Every July, for ten days, the quaint Italian town of Perugia turns into one of the world’s most fascinating cities: two free main stages in the center, an outdoor arena for major acts, a theater, and countless bars and clubs open to the wee morning hours, all trying to get in on the musical action. Thousands of tourists flock to the Umbria Jazz festival every summer, packing the streets day and night. There are street musicians, painters, clowns, dance crews, and even rock bands (ex. Heavy Wood) performing in every nook and cranny. It can get quite chaotic, or be, what back in Montana we would call, a bit of a “shit show”.
There are loads of journalists out trying to capture it all, resulting in countless montages and stories recounting pretty much the exact same thing, a lot of surface material, little substance. The musicians are glorified, the street is romanticized, and the locals are ignored. For most residents, Umbria Jazz is non-stop work. There are bartenders, waiters, chefs, stage crews, sound engineers, and people working in shops, all averaging about four hours of sleep per night.
For us, the 10-day festival is an opportunity for us to see what can happen if we, as musicians, work as hard as your average restaurant employee does. When Nicola approached us with the idea of documenting the festival from our perspective, we were very happy to oblige. His project offers context. Yes, we are dedicated, but so are the incredibly patient folks who work at the Feltrinelli, who probably did not know what they were getting into when they so generously offered us storage for our equipment. The folks at Snack Bar, who offered us drinks and provided us electricity, did not have the luxury of taking breaks between sets.

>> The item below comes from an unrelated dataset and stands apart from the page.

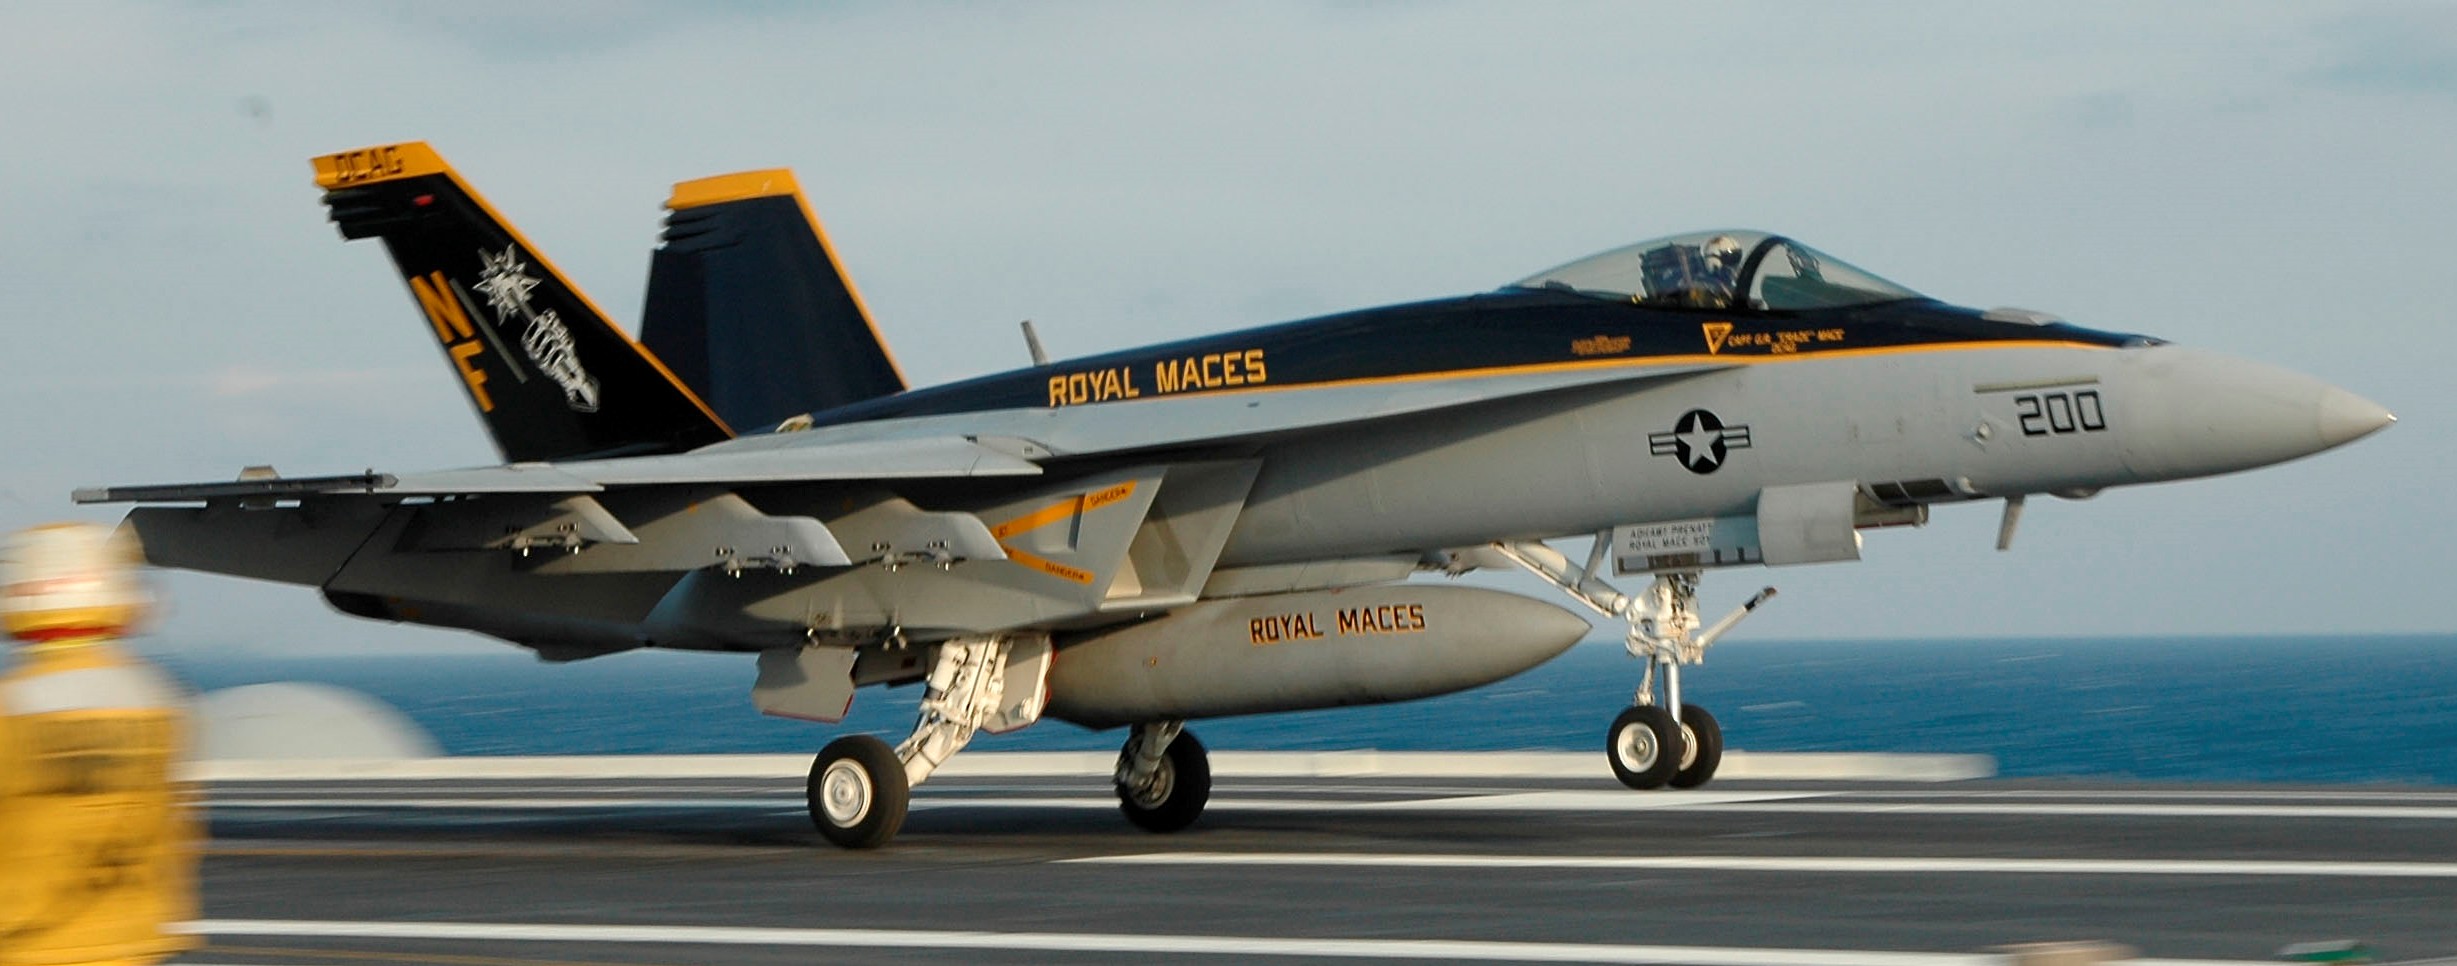 vfa-27 royal maces strike fighter squadron f/a-18e super hornet cv-63 uss kitty hawk cvw-5 us navy 175p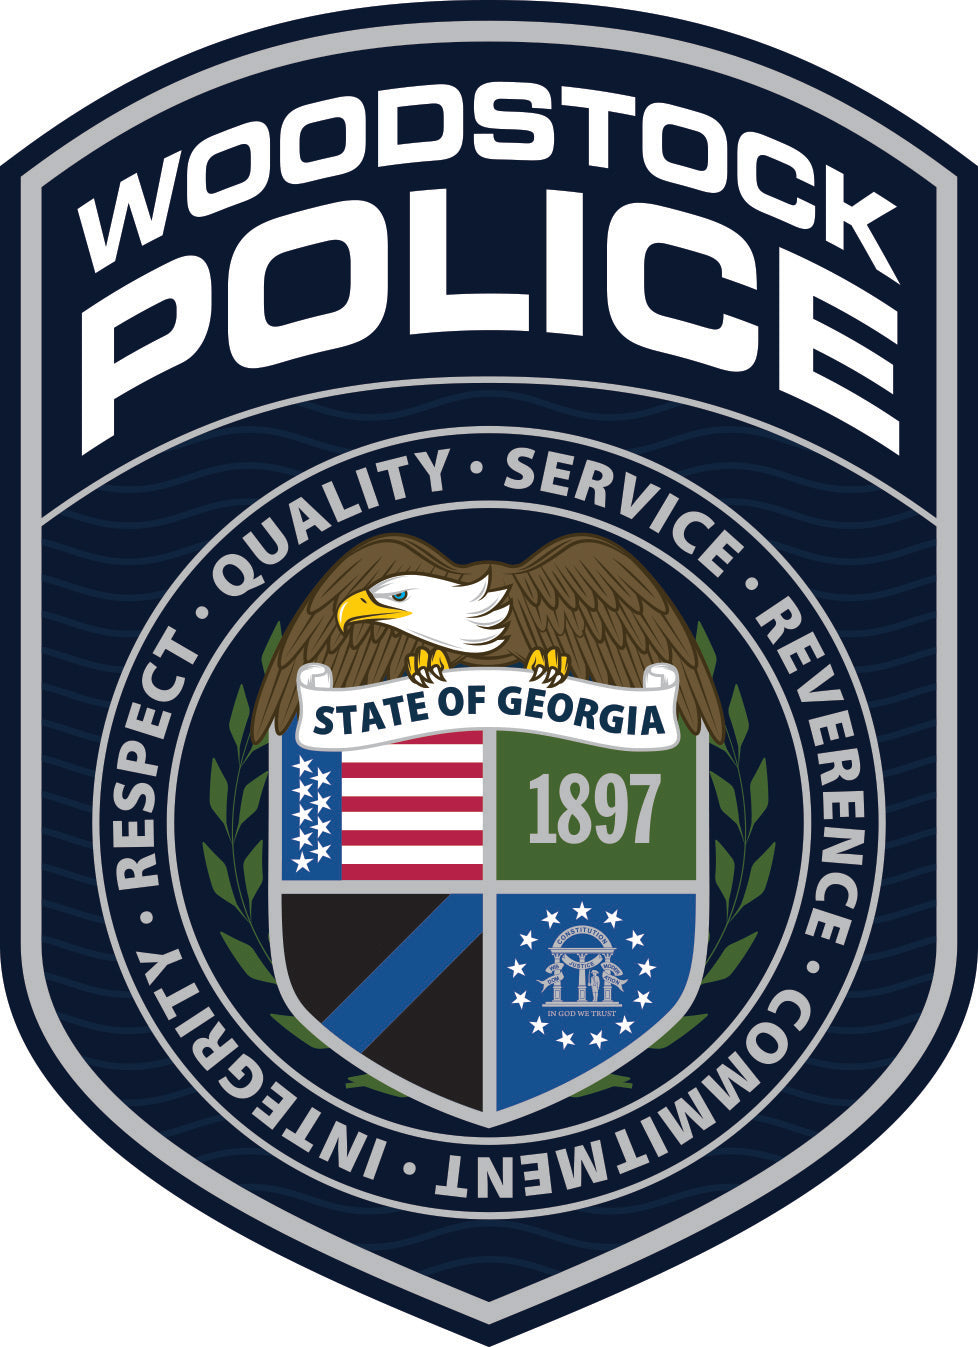 Woodstock Georgia Police Department wooden logo by Patriot Wood

We made money. Our girlfriends, family, friends, and supporters did not. People like Jason Evers Johnson, who was there every single show to help us with sound, and people like Nicola who have the insight to capture the entire experience (hundreds of photos) are the people who make it all worthwhile.
There was also a significant amount of resistance this year, which Nicola mentions in his project. Not everybody is going to like what you do, but if enough people support it and YOU like it, then you have to do it with no apologies. That’s what we did, and as a result Umbria Jazz 2015 was a huge success. For a number of reasons we have decided to make it our last, and go out on a high note! We are very grateful that Nicola was there to tell the story.